Отшельники тщетно томились в ежеминутном ожидании сигнала, но однажды утром Робен, в пятнадцатый раз проходя по илистому руслу ручейка, вдруг подскочил, словно увидел змею. Прямо перед ним на воде болталась легкая лодка с четырьмя веслами, привязанная к толстому корню. Сомнений быть не могло. Это была она, та самая пирога, которую выдолбили и выстругали они с Казимиром, назвав ее «Надеждой», и которая так загадочно исчезла.
По какому невероятному стечению обстоятельств она могла оказаться здесь в нужную минуту и в полной готовности? В центре пироги лежала большая связка спелых бананов. Кроме того, здесь было несколько запеченных в золе бататов и клубней ямса и, что самое удивительное, дюжина сухарей и бутылка джина. Лодку, вероятно, затопили вскоре после ее пропажи, поскольку борта были совершенно мокрыми и грязными и местами даже покрылись мелкими водными растениями.
Несмотря на всю необычность чудесного возвращения пироги, инженер ни на секунду не стал об этом задумываться. Он мечтал лишь о том, чтобы поскорее вырваться из этой сырой темницы, и решил позже поразмыслить над этой загадкой.
Он бегом поспешил к месту их стоянки.
– Казимир, мы уходим!
– Куда мы идти, компе?
– Наша пирога вернулась. Не знаю как, но она здесь, совсем рядом. Это значит, что приток свободен, можно в этом не сомневаться. Наконец-то мы можем убраться из этого проклятого места и отправиться на Марони.

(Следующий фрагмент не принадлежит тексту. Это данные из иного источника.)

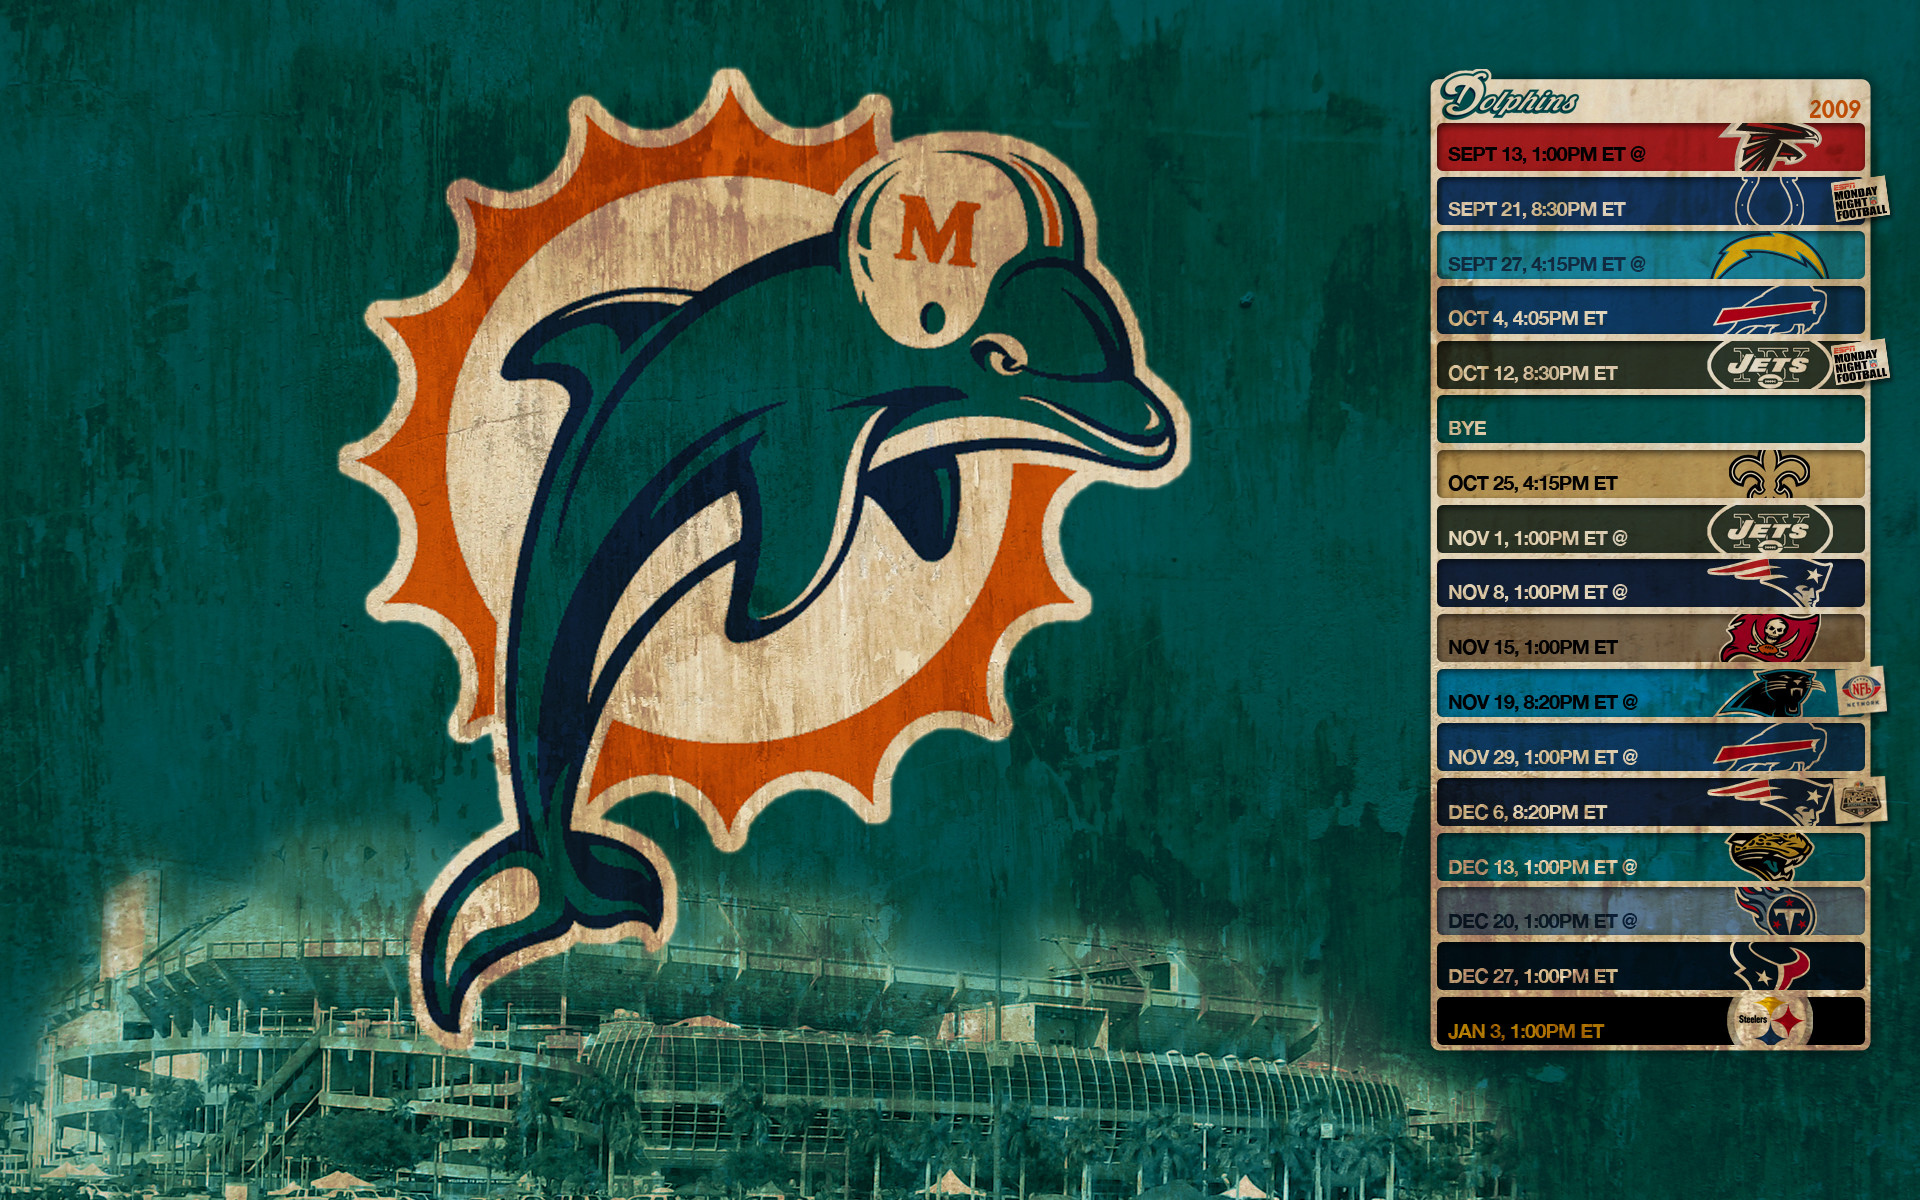 Wallpaper Set 8 (Sports) (NFL MegaPack 1)

– Так хорошо, моя идти с вами.
Было бы излишне приводить здесь весь поток восклицаний и удивленных вопросов доброго старика. При этом он делал ничуть не меньше, чем говорил. Казалось, что его нога, раздутая от слоновой болезни, весит столько же, сколько и другая, здоровая. Бедный кокобе передвигался чуть ли не рысью и управился со сборами так быстро, что занял место в лодке одновременно со своим компаньоном.

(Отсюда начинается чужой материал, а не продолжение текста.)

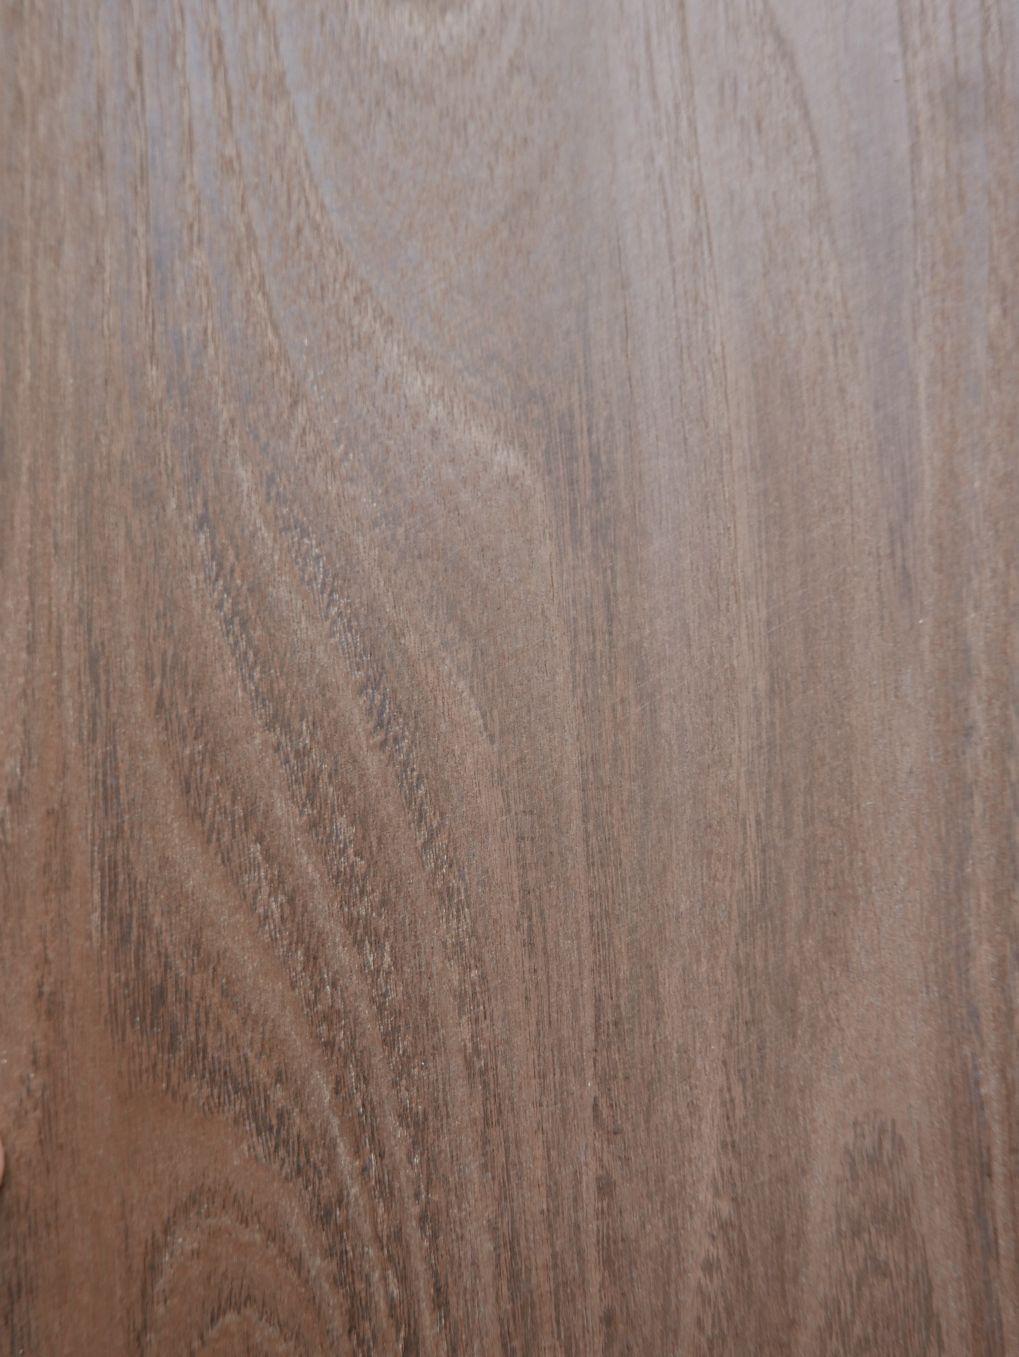 A039-2 Acacia Gerookt 25-26x103cm 9st

Жестоко изуродованное болезнью черное лицо озарилось детской радостью, когда Казимир почувствовал в своих скрюченных пальцах рукоятку весла. Челнок, ведомый парой гребцов, тихо проскользнул по ручейку, едва задев береговые заросли трав, и вышел в более широкую протоку.
Кругом было спокойно, ничто не мешало их бесшумному движению. Они снова увидели дневной свет. Внимательно глядя по сторонам, прислушиваясь к малейшему шороху, напрягая мускулы, друзья плыли вперед. Весла бесшумно, без единого всплеска входили в воду, при этом надо было стараться не стукнуть веслом о борт пироги.
Так они без происшествий прошли мимо лесоразработки, с виду совершенно безлюдной. Пирога ловко обогнула несколько громадных бревен, привязанных к пустым бочкам вместо поплавков, которые дрейфовали по воле течения по направлению к Марони. Все было как нельзя лучше. Через несколько минут они пройдут опасный участок, Спаруин расширился к своему устью, и беглецы заметили простор большой реки.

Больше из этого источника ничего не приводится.